Data block section start

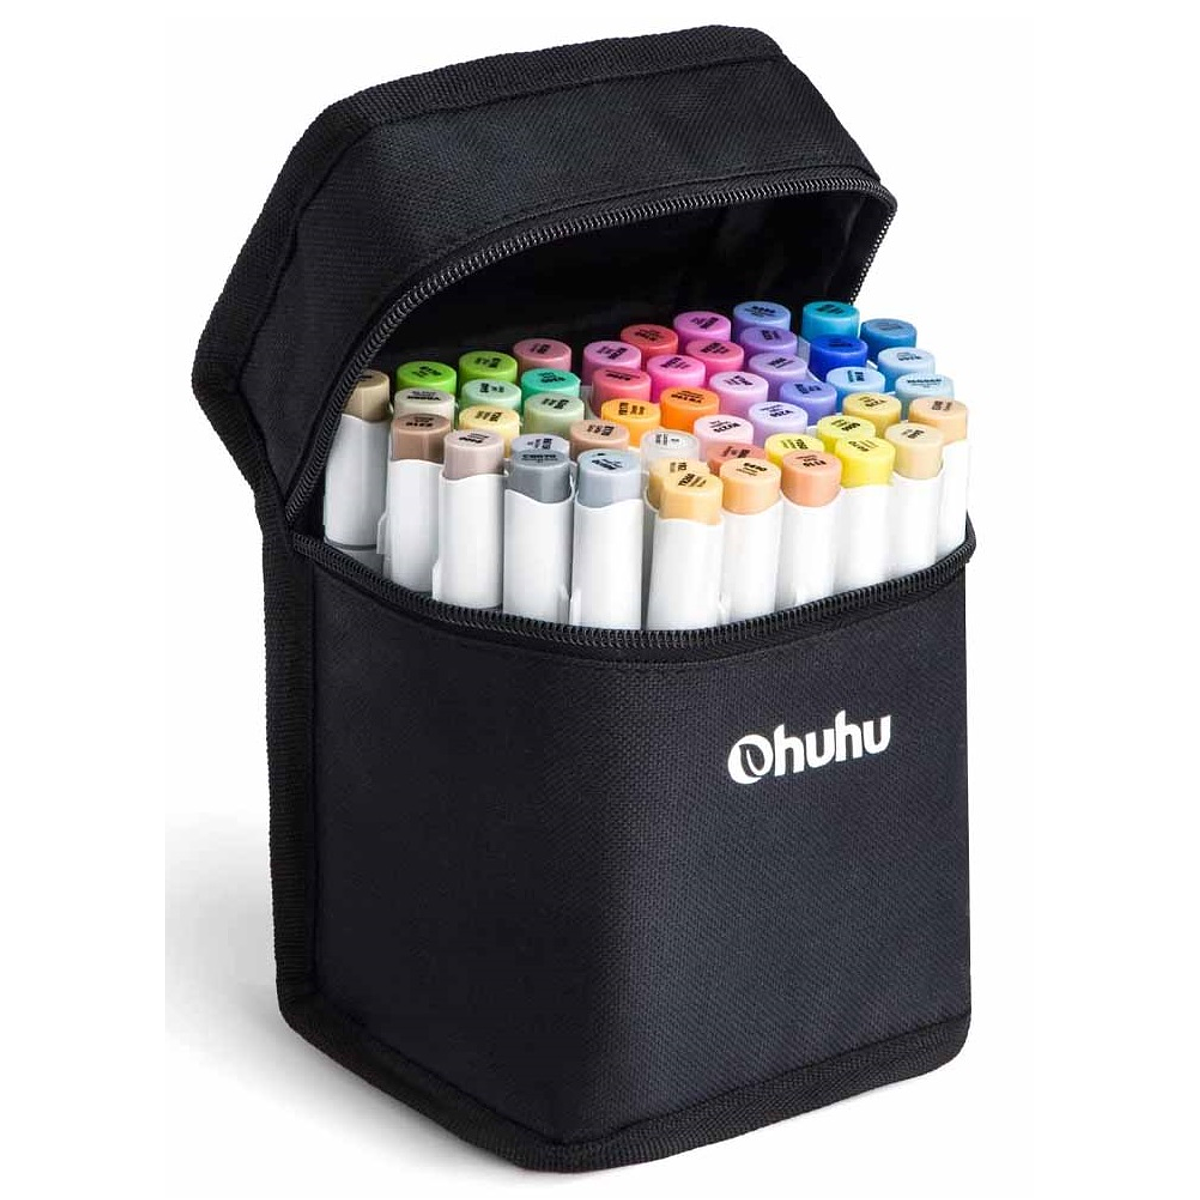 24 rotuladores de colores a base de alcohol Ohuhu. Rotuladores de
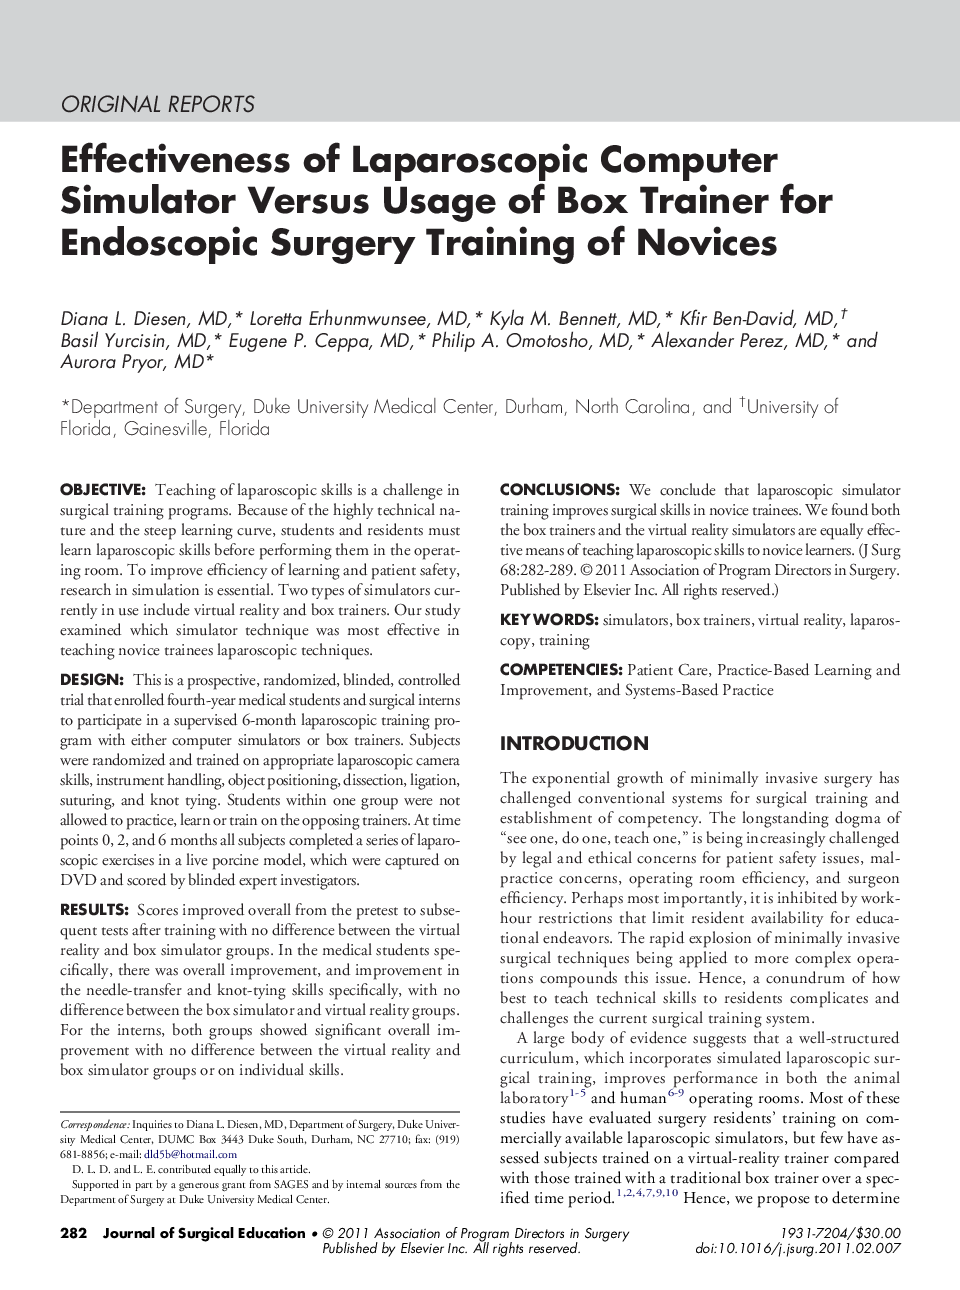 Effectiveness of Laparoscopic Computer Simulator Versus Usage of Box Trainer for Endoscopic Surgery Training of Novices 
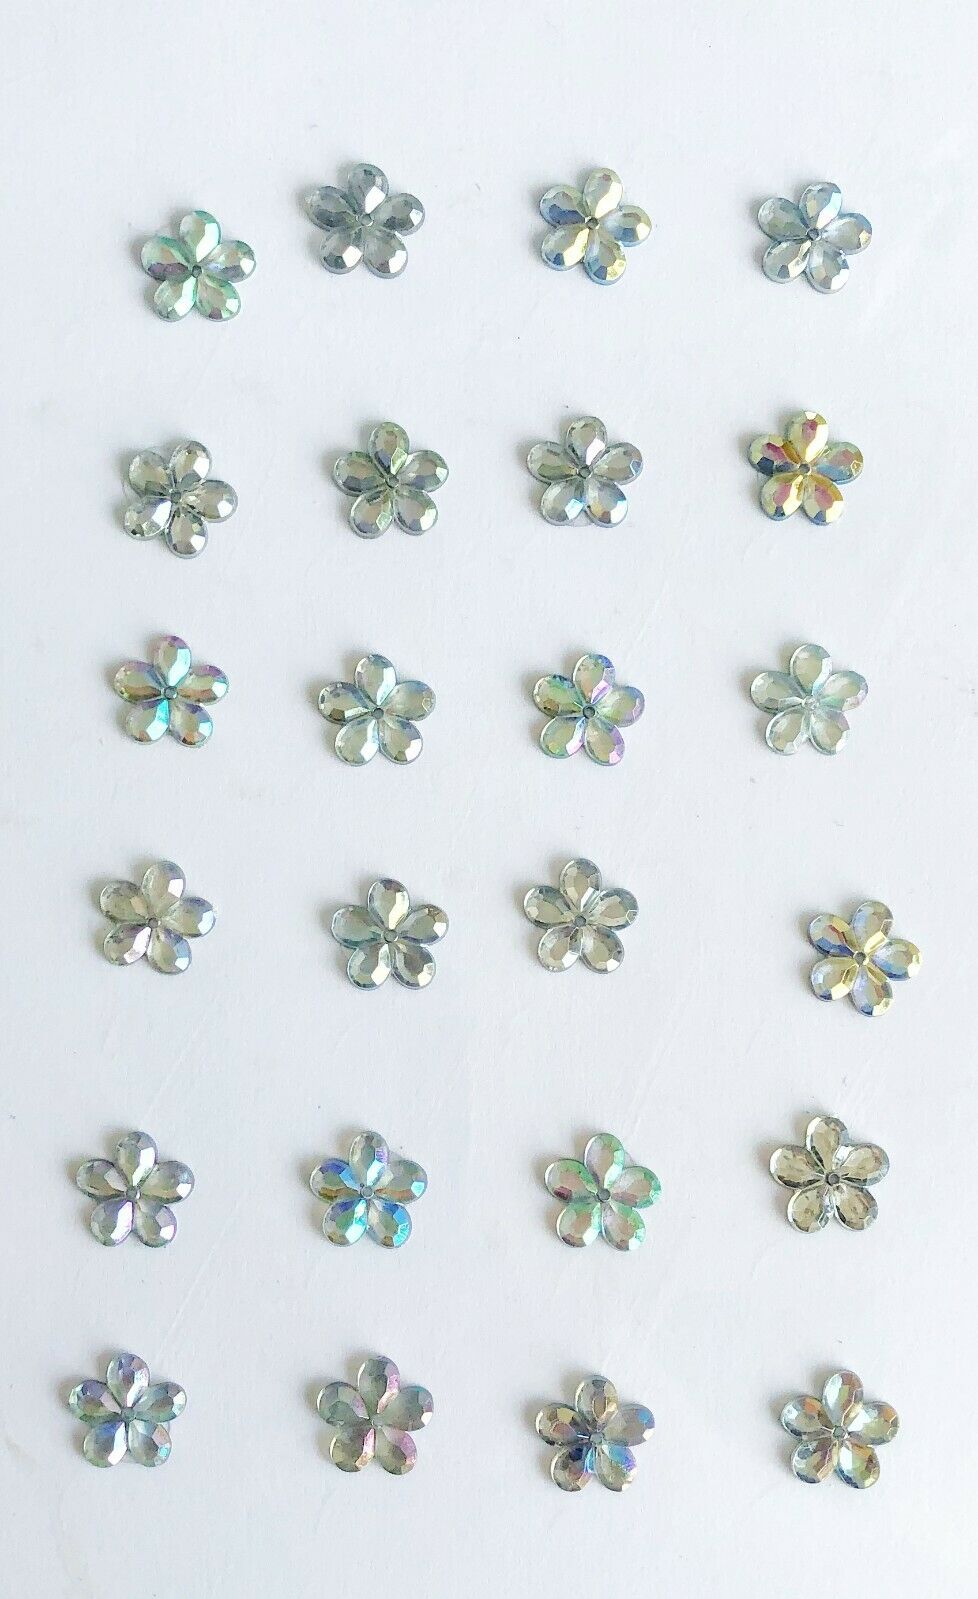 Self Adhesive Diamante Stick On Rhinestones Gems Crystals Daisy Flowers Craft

Data block section end

Instructions for the task. Print nothing except the lines from the one with "Effectiveness of Laparoscopic" through the last line of the listing, exactly as written and with pictures removed.

Answer to the problem.
 Effectiveness of Laparoscopic Computer Simulator Versus Usage of Box Trainer for Endoscopic Surgery Training of Novices 
 Self Adhesive Diamante Stick On Rhinestones Gems Crystals Daisy Flowers Craft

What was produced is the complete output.